## [What is required]
Print the data exactly as written, line for line, and leave its pictures behind.
(Data excerpt begins)
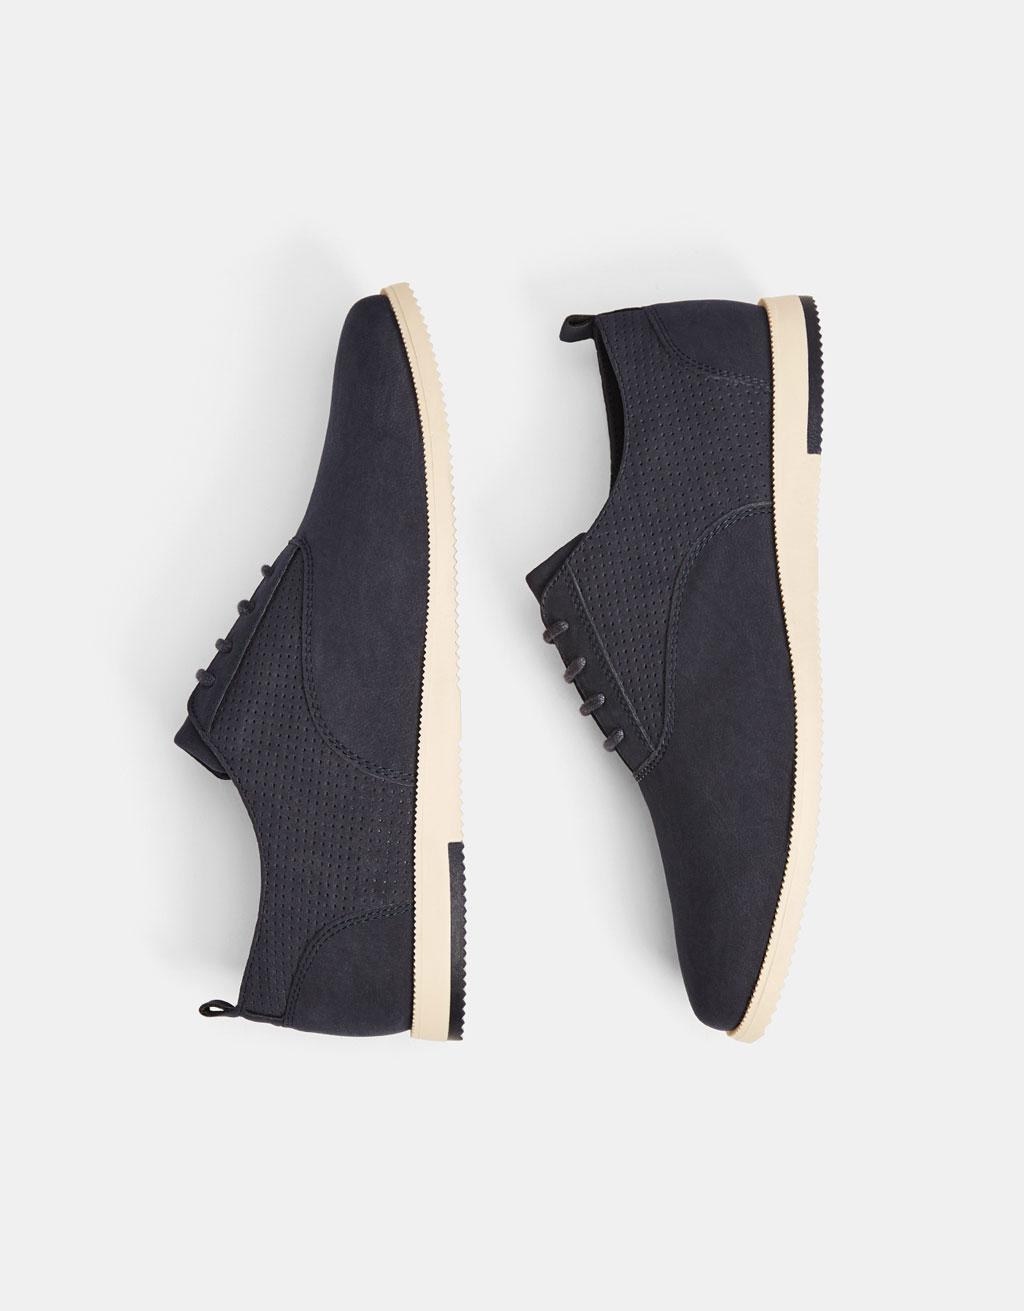 Sapatos elegantes brogue
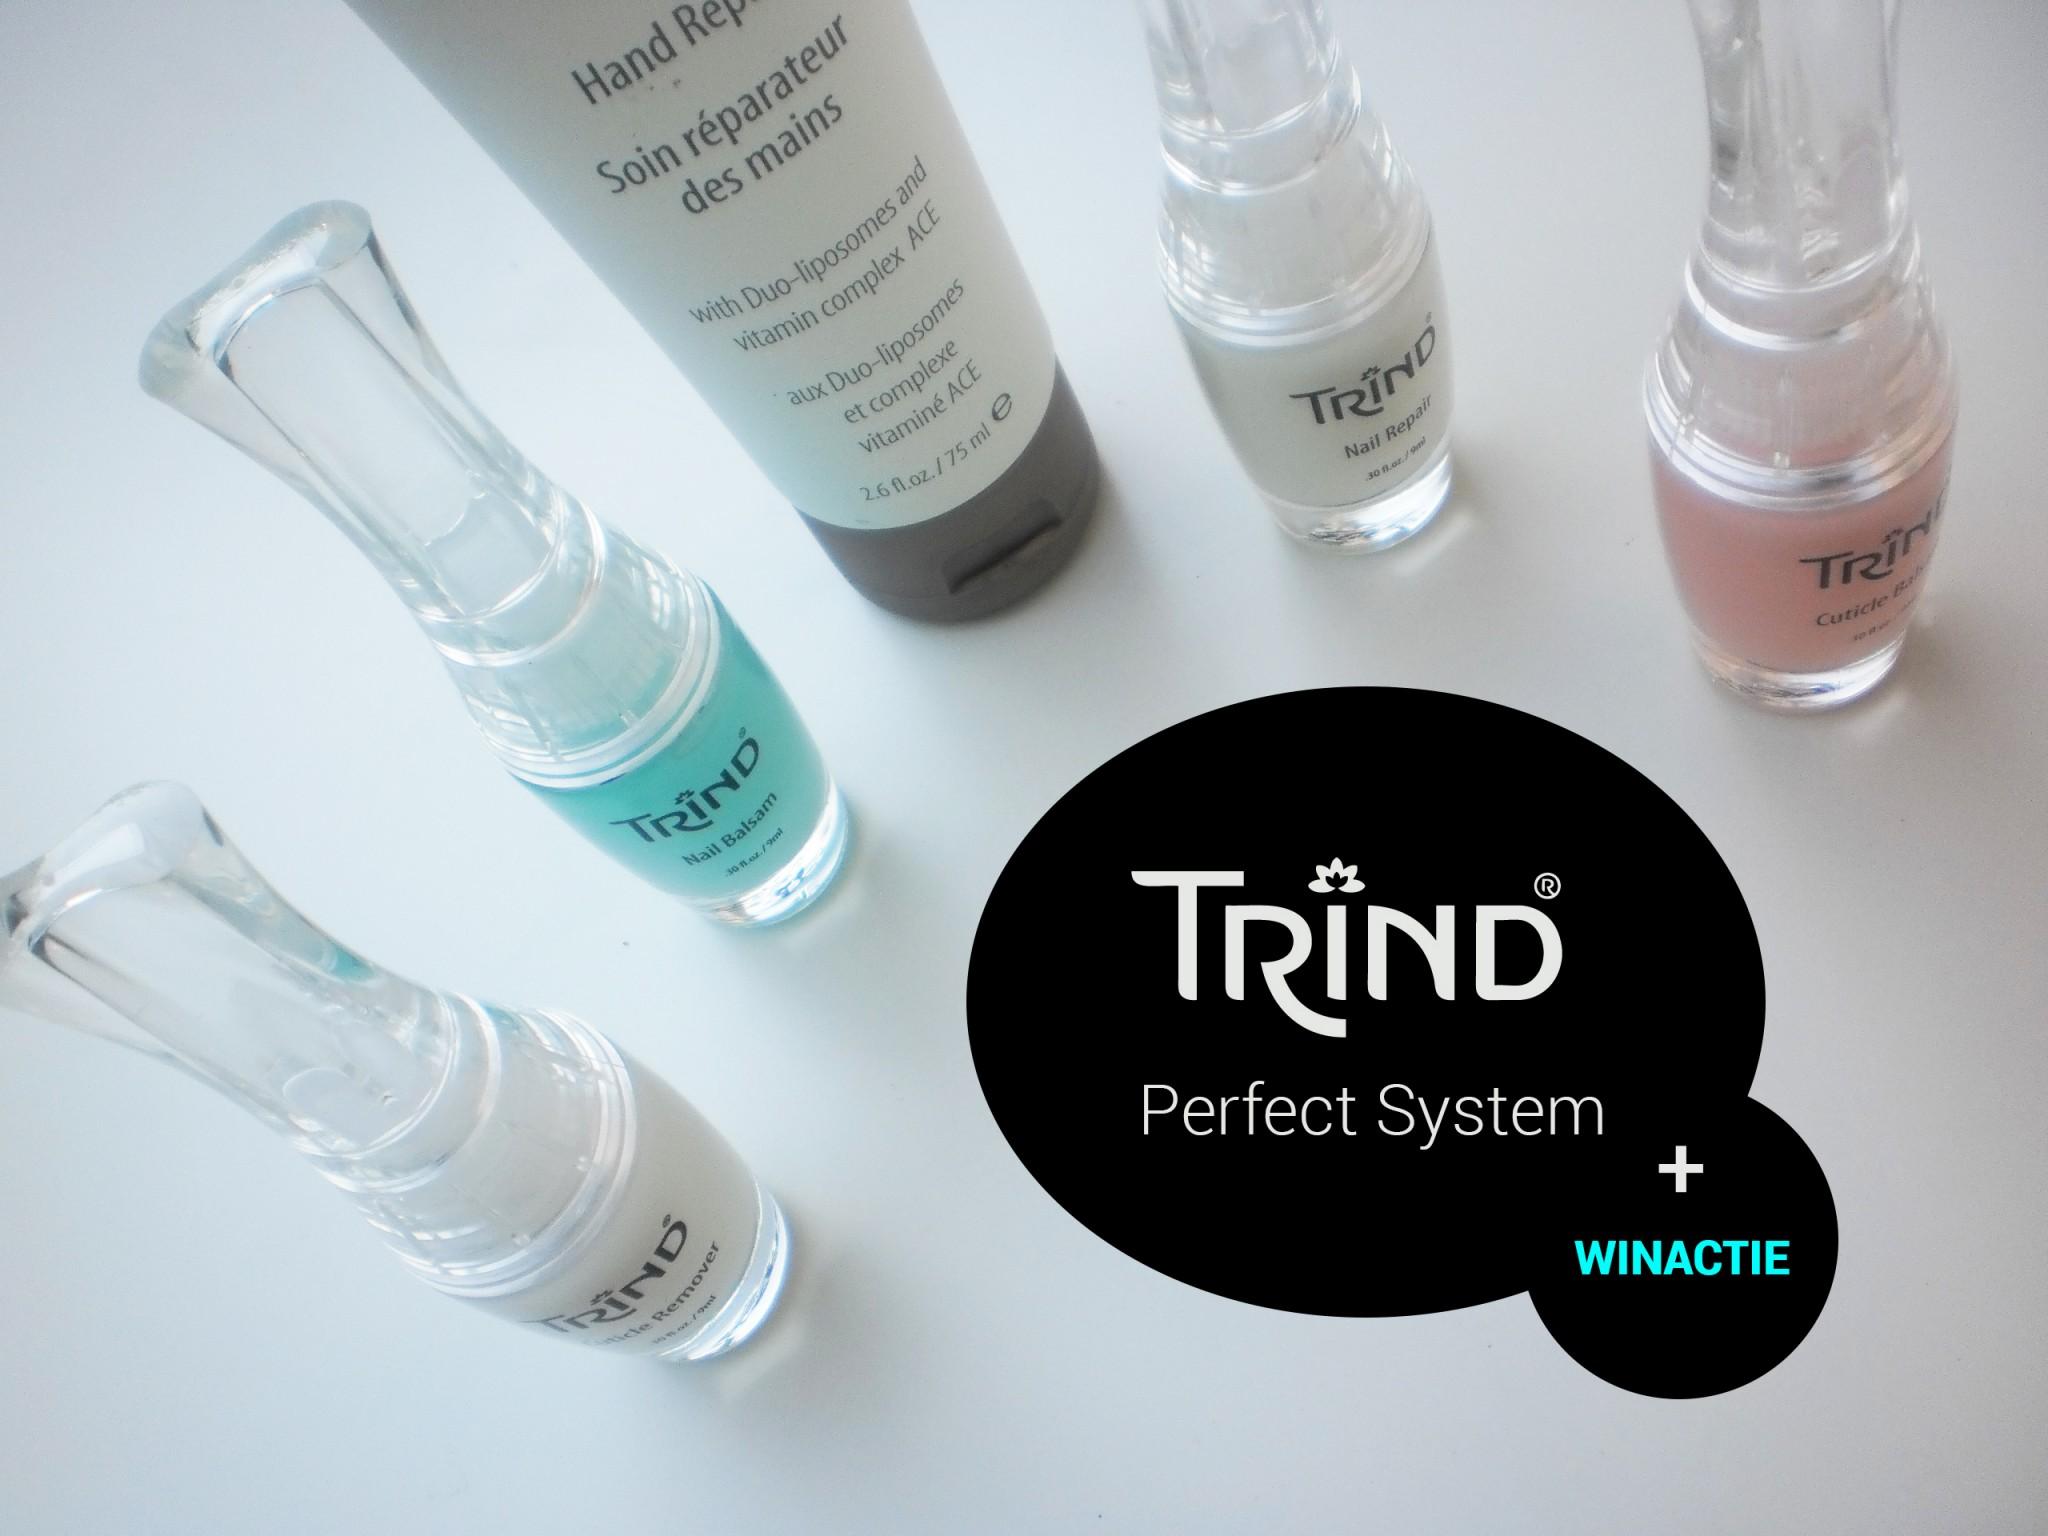 Win een Trind Perfect System Set! (gesloten)
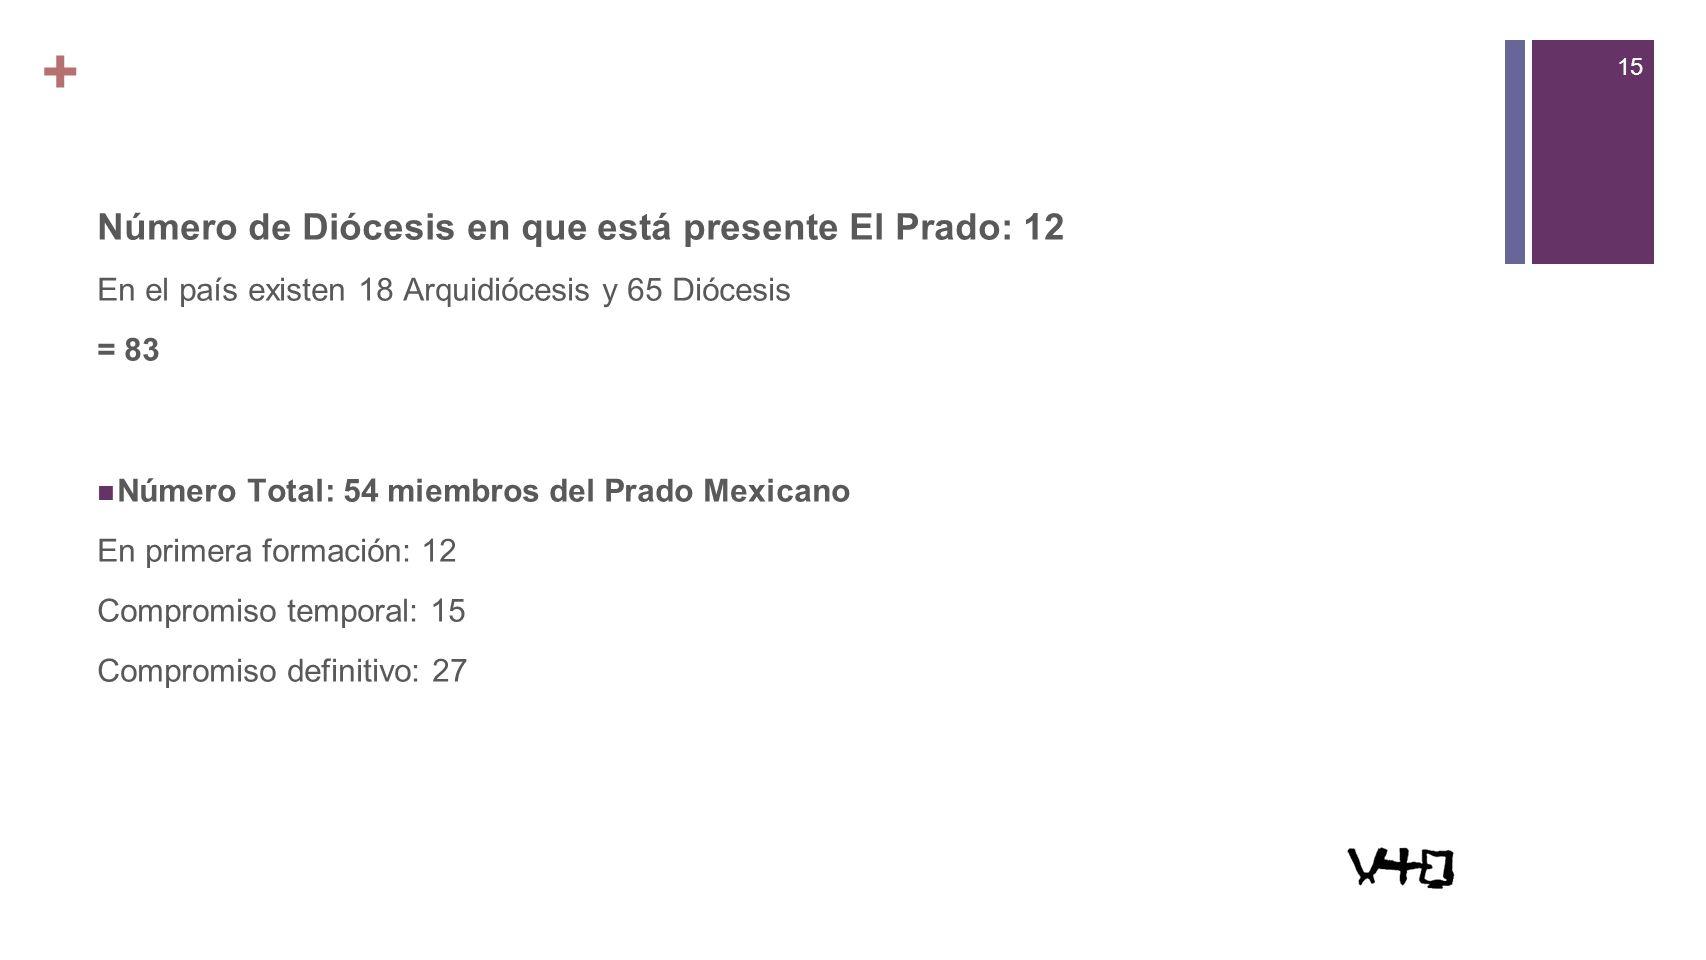 15 + Número de Diócesis en que está presente El Prado: 12 En el país existen 18 Arquidiócesis y 65 Diócesis = 83 Número Total: 54 miembros del Prado Mexicano En primera formación: 12 Compromiso temporal: 15 Compromiso definitivo: 27
(Data excerpt ends)
## [Response to this task]
 Sapatos elegantes brogue
 Win een Trind Perfect System Set! (gesloten)
 15 + Número de Diócesis en que está presente El Prado: 12 En el país existen 18 Arquidiócesis y 65 Diócesis = 83 Número Total: 54 miembros del Prado Mexicano En primera formación: 12 Compromiso temporal: 15 Compromiso definitivo: 27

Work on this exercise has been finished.